An economist from a conservative “think tank” says the State of Iowa is over-spending on drugs prescribed to Medicaid patients, but a spokesman for the state agency in charge of the program disputes the data.

Alex Brill, an economist who works for the American Enterprise Institute, says his research indicates low-income and disabled Americans who get their health care coverage through the Medicaid program aren’t always getting the cheapest drug available when they fill a prescription.

“The states’ abilities to drive generic utilization varies, obviously, state to state,” Brill says. “Generally, they’re doing a pretty good job in the sense that they’re doing it right four out of five times, maybe three out of five times, so they’re not unaware of these issues, but they’re leaving a lot of money on the table. In the state of Iowa, it’s up to $14 million that could be saved through consistently ensuring that you’re using the cheapest product.”

Brill issued a national report on this issue Tuesday and he is in Iowa today, meeting with state legislators. “Iowa has one of the highest amounts of overspending on a…per Medicaid enrollee basis,” Brill says. “So by our calculations, the extra spending on the more costly drugs is about $30, $31 per enrollee, where the national average is about $6, and so we think there is the biggest opportunity in Iowa for cost savings by addressing this problem.”

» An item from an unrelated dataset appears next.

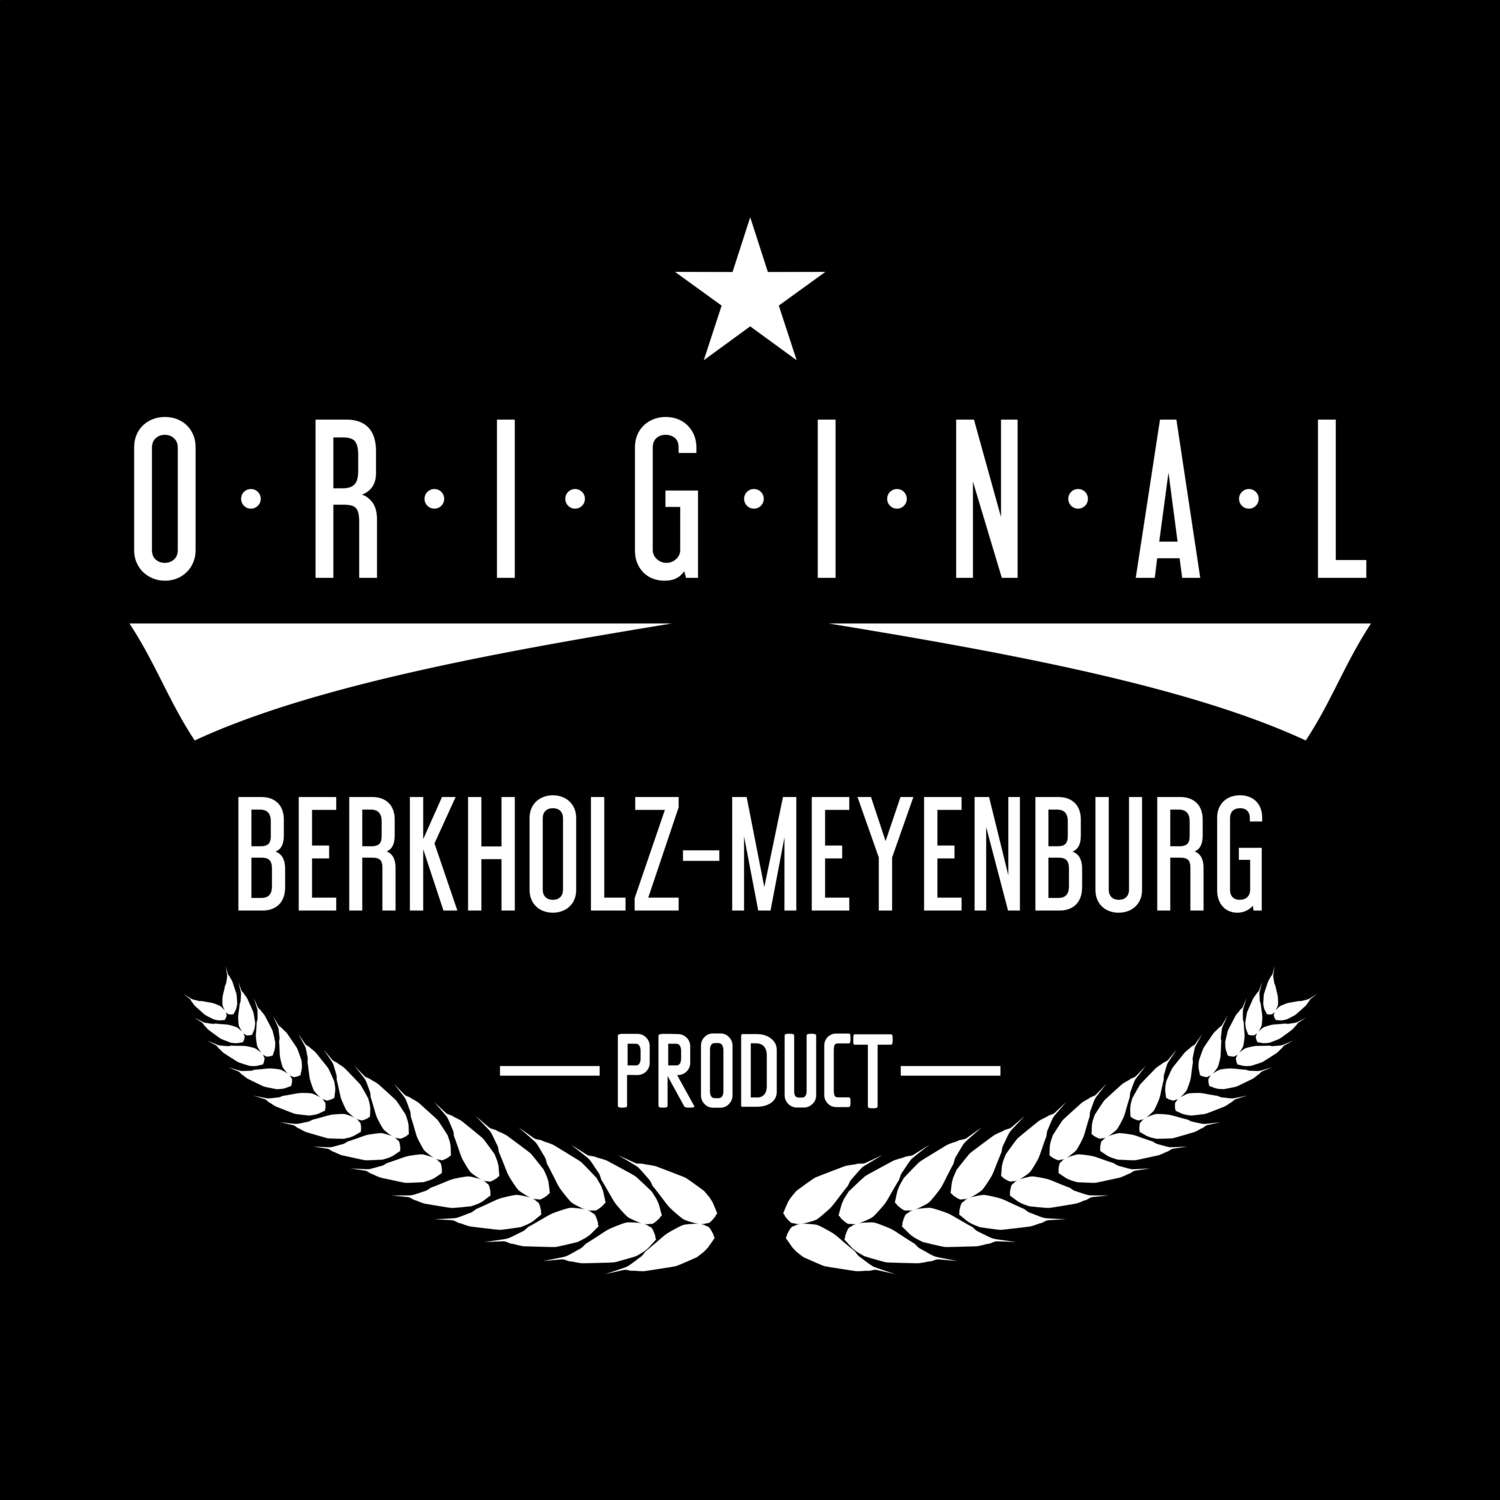 Berkholz-Meyenburg T-Shirt »Original Product«
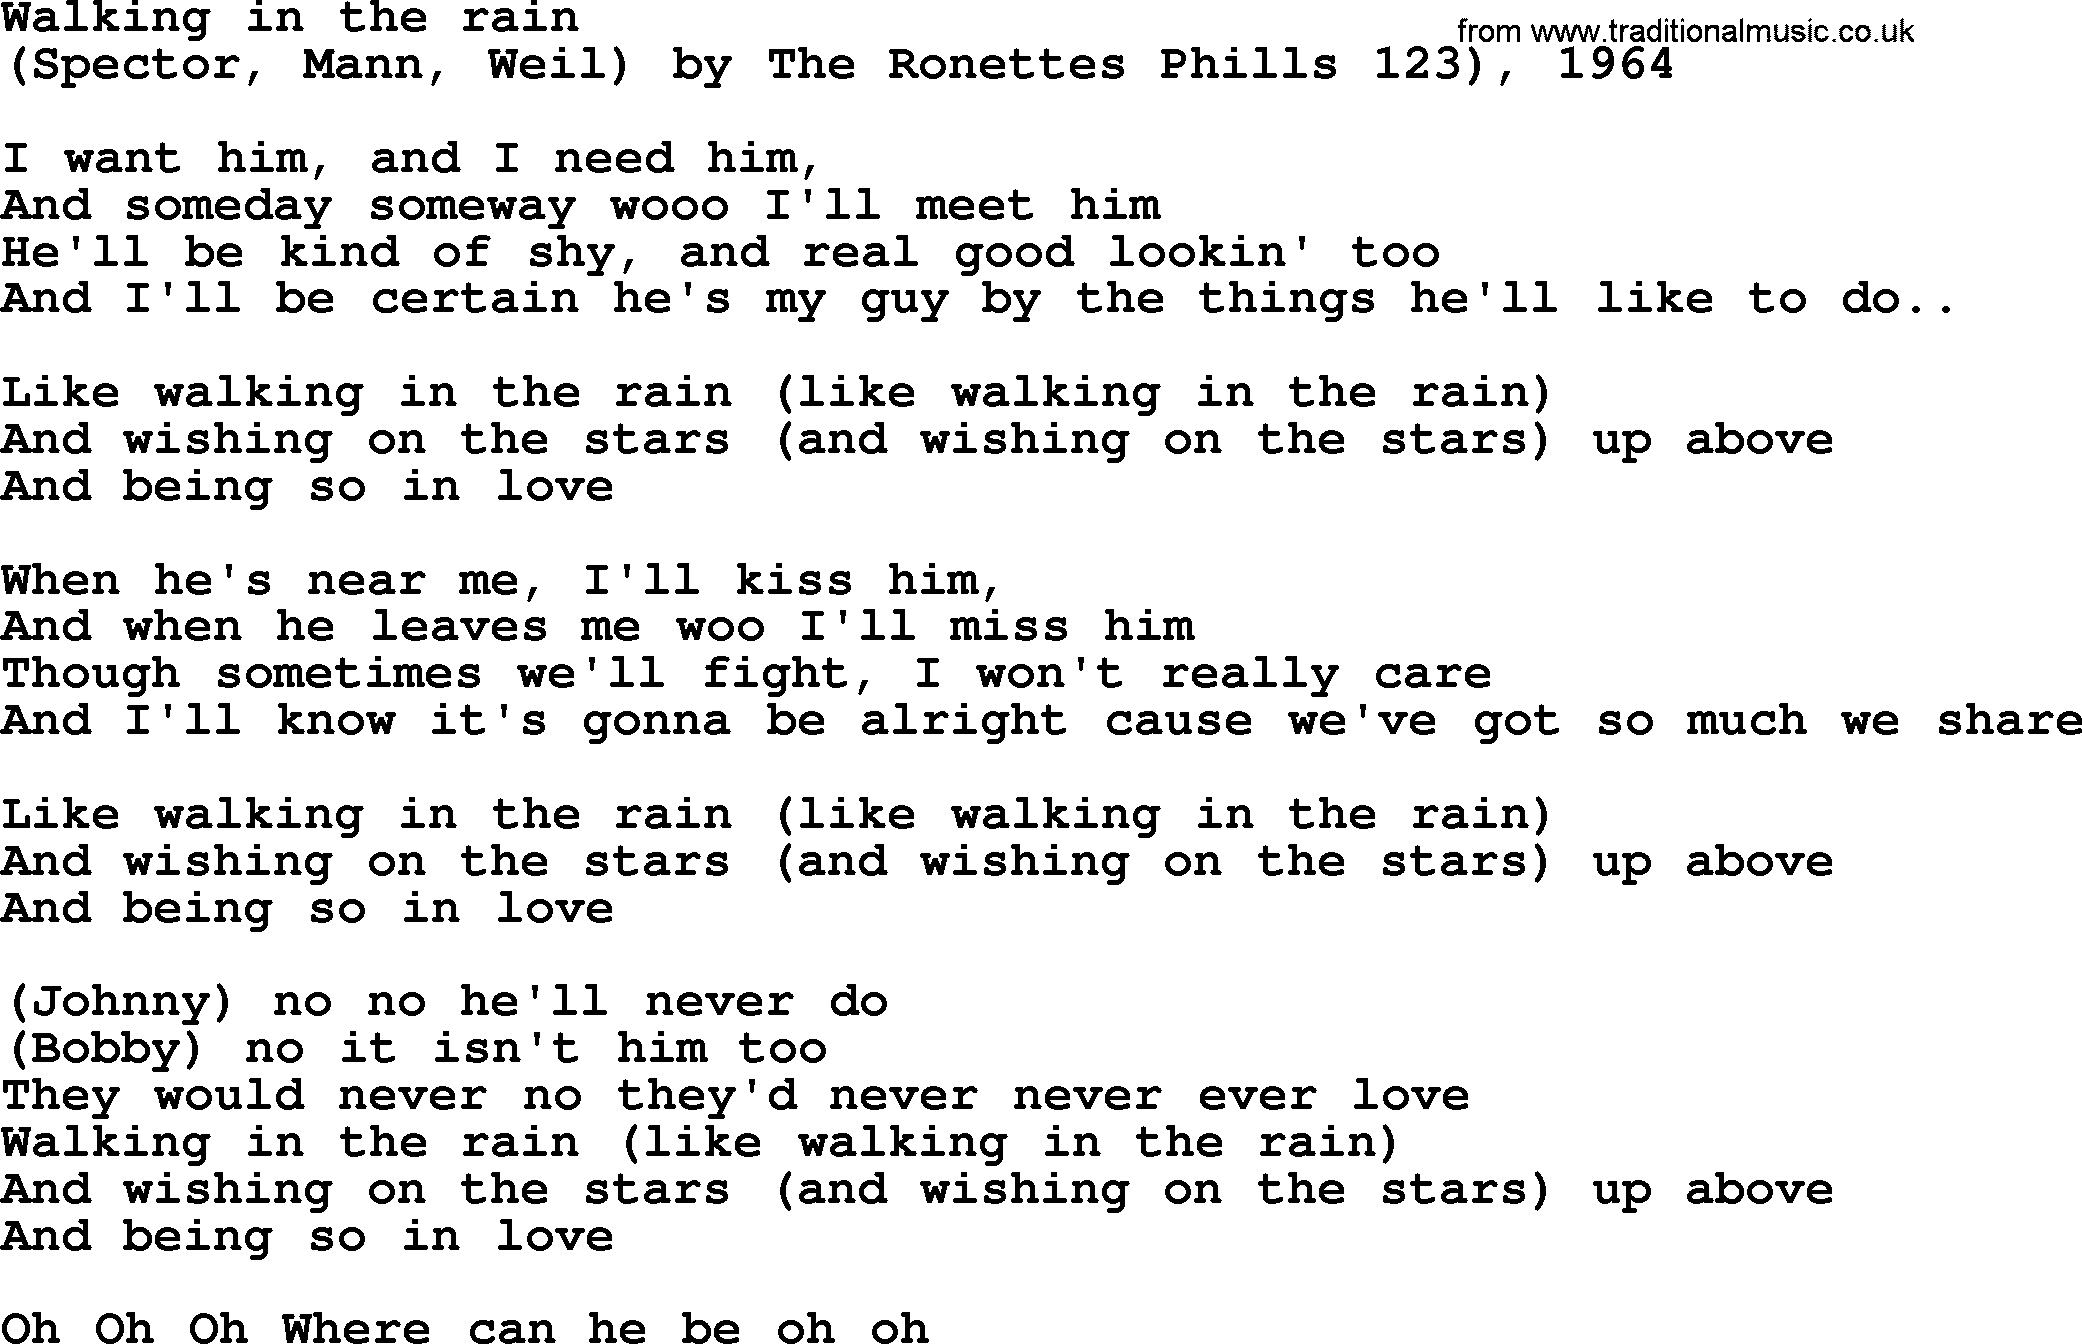 Bruce Springsteen song: Walking In The Rain lyrics

Roger Munns, a spokesman for the Iowa Department of Human Services, says the Iowa Medicaid program already has a list of “preferred” list of prescription drugs and 75 percent of the prescriptions filled by Medicaid recipients in Iowa are a generic drug. “But a requirement to exclude brand names would actually reduce public savings because in some cases there is no generic available but in other cases the generic is actually more expensive than the brand name,” Munns says.

“This is especially true when generics are first released and at that time brand name producers are willing to offer really steep rebates for large purchases like Medicaid programs.” The agency regularly reviews its list of “preferred” prescription medications, according to Munns, to ensure patients are getting the cheapest drug available when they fill a prescription.

“The strategies that Iowa Medicaid uses which is prior authorization and aggressively seeking rebates saved about $125 million just last fiscal year,” Munns says. The American Enterprise Institute economist says he’ll release a more detailed analysis of Iowa Medicaid spending in two weeks.